NAUGATUCK — Former burgess and tax collector Lois Ackerman is scheduled to ask a judge Tuesday in Waterbury Superior Court to save her house from demolition.

A week before the two-family house at 146 Walnut St. was supposed to be knocked down, Ackerman sued the borough to challenge the demolition order. The lawsuit names the Board of Mayor and Burgesses and Building Inspector William Herzman, who five years ago issued the first order to demolish or repair the house.

Herzman has said the house was harboring rodents and raccoons and had debris inside stacked at least five feet high. He said it was a health and fire hazard. Neighbors have also complained that the house’s condition has depreciated their property values.

The house last week looked the same as it has for years. Overgrown brush almost entirely screened it from view, a hole in the roof was only partially covered by a tarp and the walls appeared to be collapsing inwards.

Ackerman and her lawyer, Kevin McSherry of Fairview Avenue, claim she was not given enough of a chance to repair the house, which her family has owned for generations.

“There was never any doubt that I wanted to fix the property,” said Ackerman, who now lives in the Oak Terrace public housing complex on Conrad Street. “I just didn’t have the money.”

Ackerman tried to sell an adjacent lot, which she owns, for money to repair the house, but no one has bought it, which she said was the recession’s fault.

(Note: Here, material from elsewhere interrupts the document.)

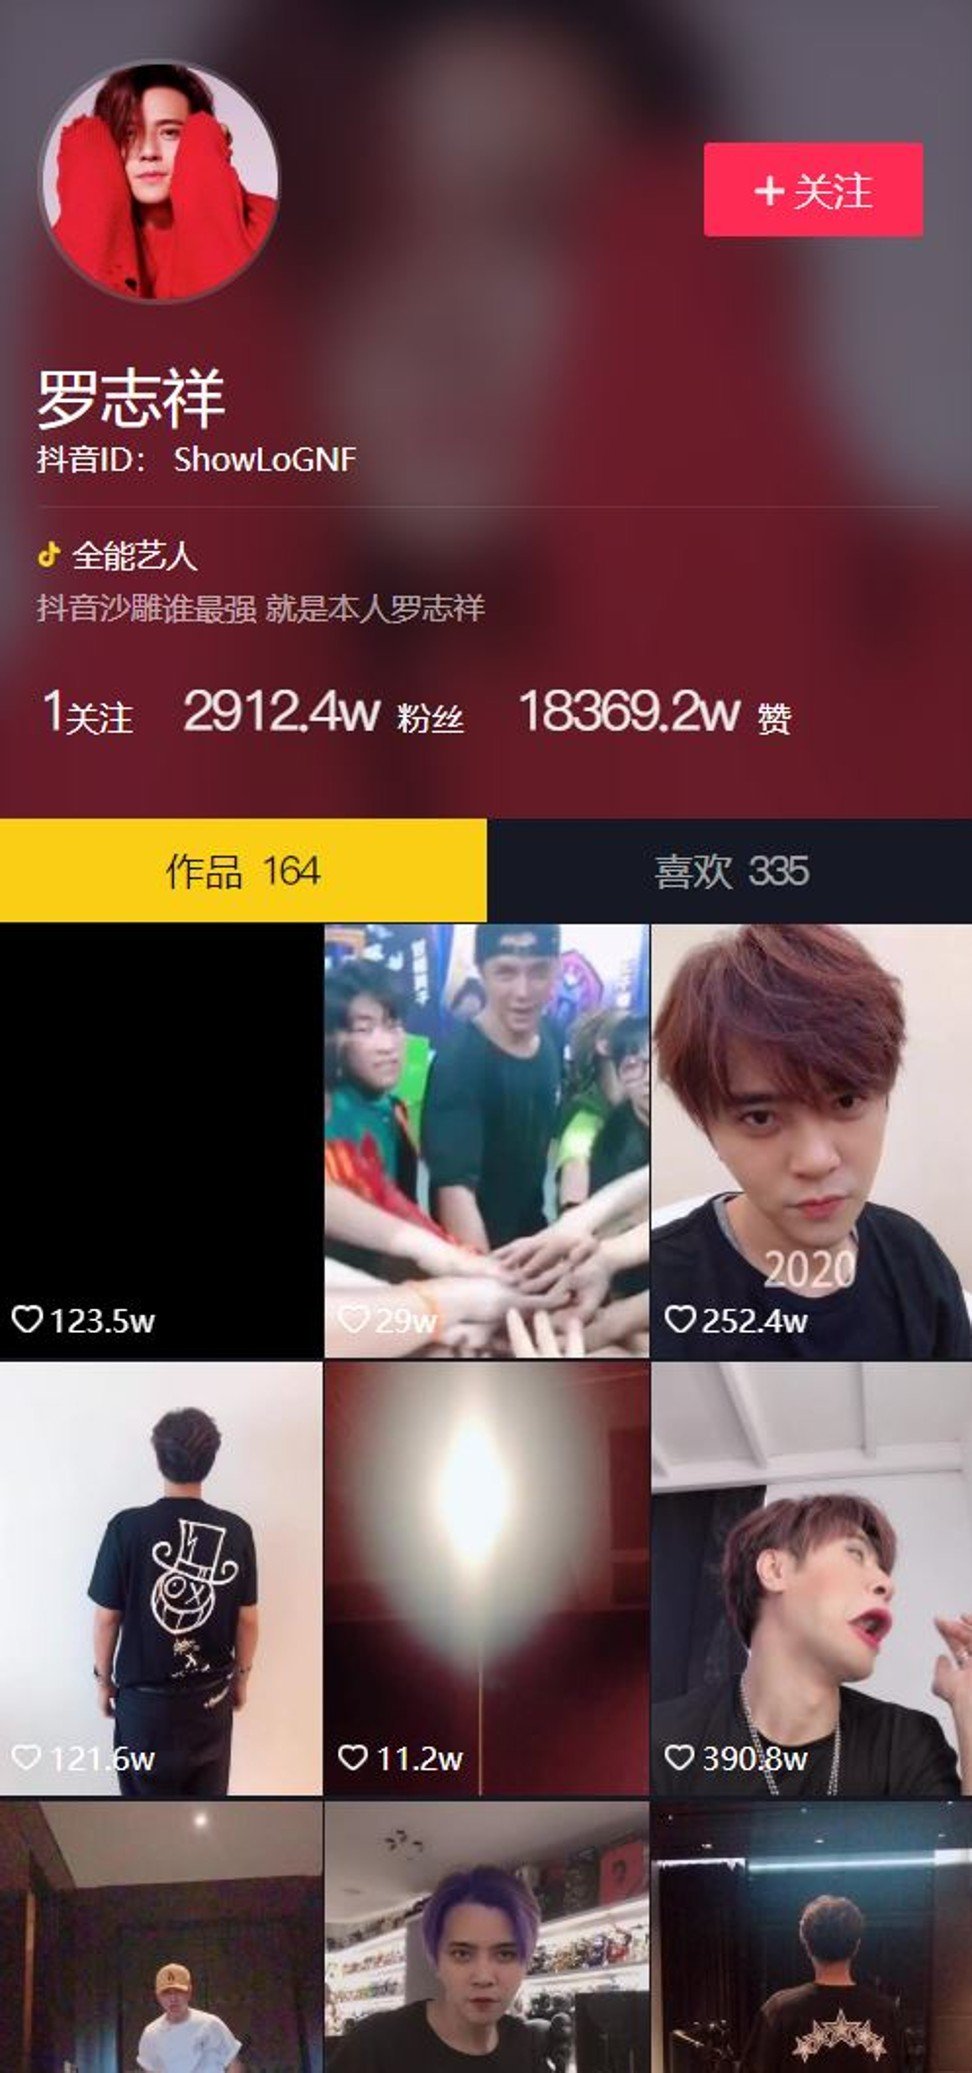 Taiwanese singer Show Lo’s Douyin page.

“She’s been trying. She tried a number of avenues and hasn’t had any luck trying to get assistance,” McSherry said.

Ackerman does not owe any taxes on the property, Tax Collector James Goggin said.

Her lawsuit argues the Board of Mayor and Burgesses should not have been allowed to order the house’s demolition. Per the borough charter, Ackerman appealed the 2007 order to the Building Code Board of Appeals and then to the borough board. McSherry claims state law says the state building inspector should hear any appeal denied by the building code board.

Ackerman filed her second appeal to the borough board because she wanted to protect herself by following the charter, McSherry said.

She has never pleaded her case before the state building inspector.

Attorney Edward Fitzpatrick, who is representing Herzman and the borough board, has said the provision in the borough charter that gives the borough board final say is permissible under state law.

More than a year has elapsed since Ackerman filed her suit, but McSherry said he was not surprised it was going to trial without a settlement.

“There’s no middle ground,” McSherry said. “The town wants the house to be torn down and my client wants to repair the house, so there’s not a middle ground to discuss it.”